肃中省和二十多年前没什么大的区别,周同等一行十人以布衣进到城内,轻车熟路来到唐玉江的府邸,守门的士兵不知道周同十人的来历,但是很客气,一名士兵带着来到唐话显的府上,门前却搭了两条黑绫。
唐话显去世了,黑绫表示老人已经去世超过一年,两条黑绫,周同问了心伤不已,原来康国栋的母亲也去世了。
周同离开二十多年,唐话显不会武功,不断的惊喜和悲伤交加使得他体弱的身子扛不住人间的负重,于是撒手人寰了。康母同样因为周同和康国栋惨死日夜痛哭而病入膏肓,在唐话显辞世的半年后也跟着去了。
“姥爷,伯母!”周同一晃进了后院灵堂,灵柩早已埋葬,周同眼前看到的是两个并排摆放的灵位。
“姥爷,伯母,孩儿来看你们了。”周同伏地磕头,惊的一边的唐玉江不知所措,“你是哪位?如何进来,啊要给二位老人行此大礼呀?!”

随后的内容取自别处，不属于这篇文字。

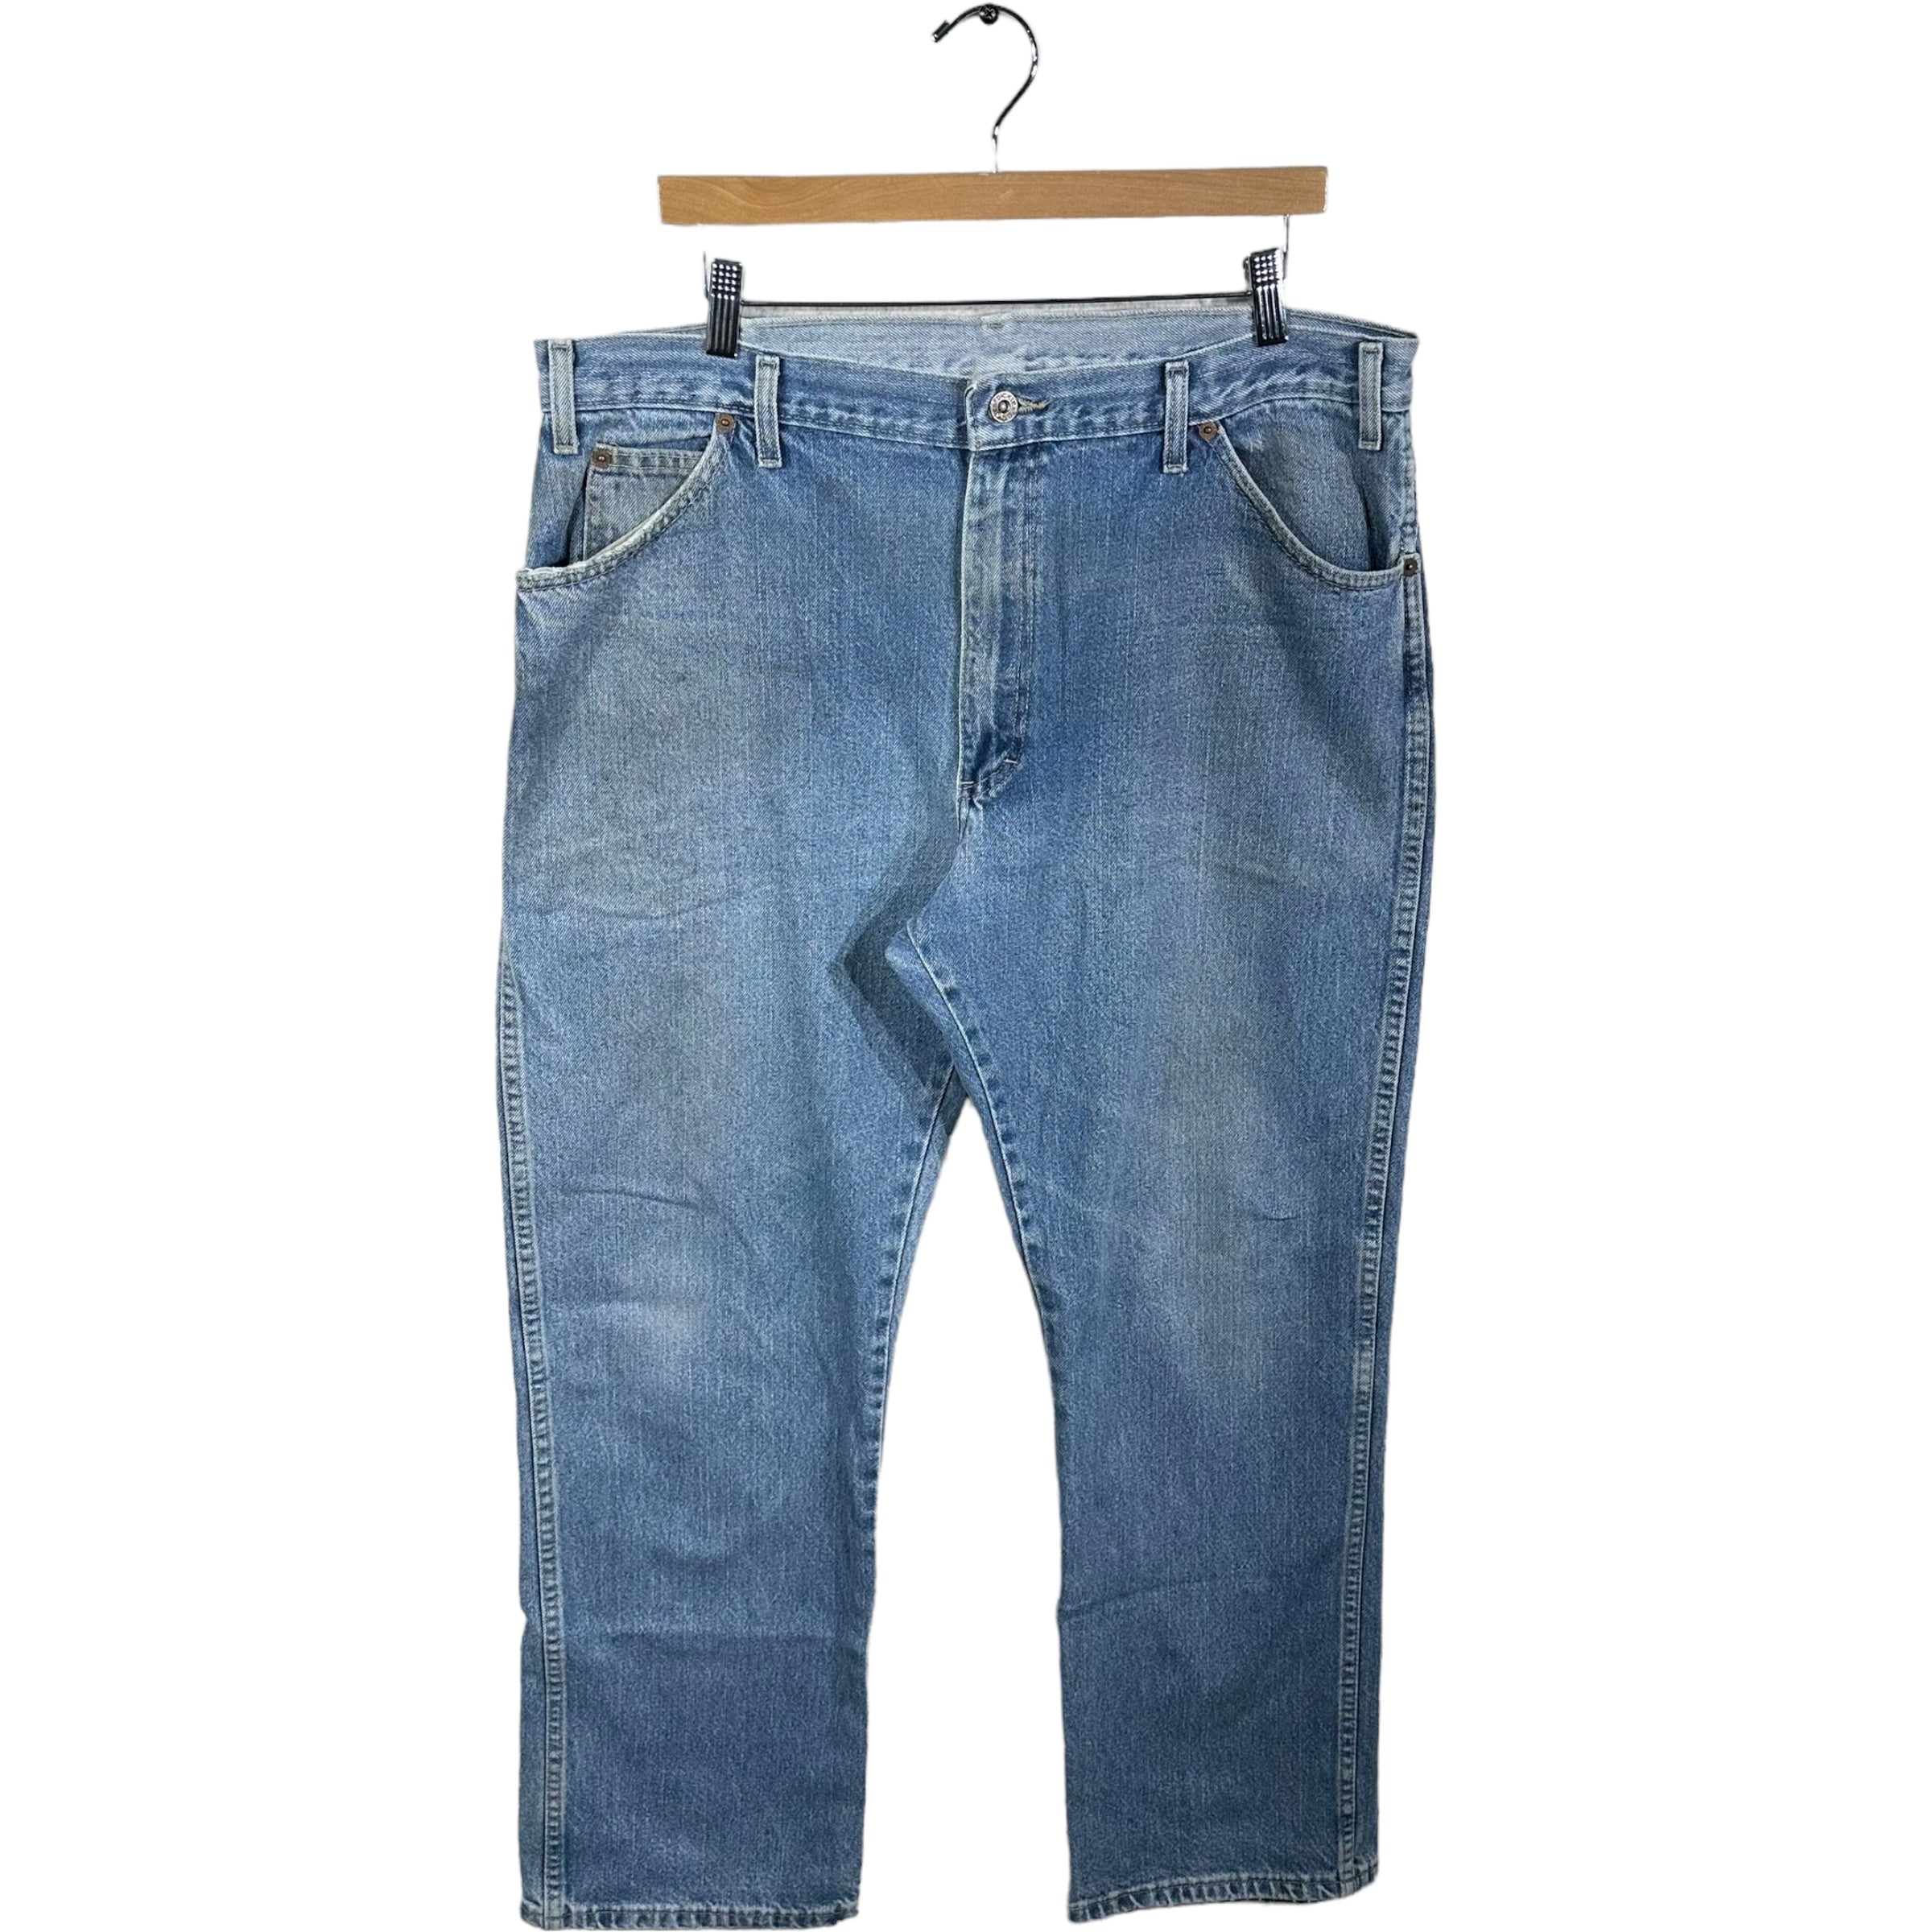 Vintage Dickies Distressed Carpenter Jeans

周同连磕了九个响头,再来跪拜唐玉江,早年唐玉江把周同视为亲外甥,同样跟着挂念,跟着提心吊胆,周同同样把他当作亲人。“舅舅,我是周同,我来晚了,让舅舅多费心了。”
“哎呀,周同?同儿?!”唐玉江颤悠悠要去扶,突然明白了眼前的青年人正是当今的圣皇,随即跪倒参拜,“圣皇驾临,卑职惶恐。”
“舅舅!”周同扶起了唐玉江,扶到了侧旁的椅子上坐下,唐玉江惊得心慌意乱,颤声道:“你,你还认我这个舅舅?”“舅舅,咱们是一家人,我多蒙受你和姥爷的眷顾,如何会不认你呢,你永远是我的舅舅。”
余化龙进来平礼躬身参拜了灵位,单思彤等八人跪拜行礼,周同引荐了九人,着力称赞了唐玉江。
唐玉江武功不及任何一人,余化龙声名远播,周蒙王朝没有不知道他的,左家兄弟还要以长辈尊称他,唐玉江更是惶恐,跪了几次没跪下去,几次致歉才罢了。
唐话显和康母的坟墓在城西十里,周同不让唐玉江暴露自己的身份,由唐玉江引头,带着众人添坟祭拜,同样是一番感慨。生命就是如此,故人已故,活着的人还需认真活着。
唐玉江已不在军队公干,现在是肃中省巡抚,整个大肃中的行政首脑,在丞相府制定的政策和监管下压力也不小。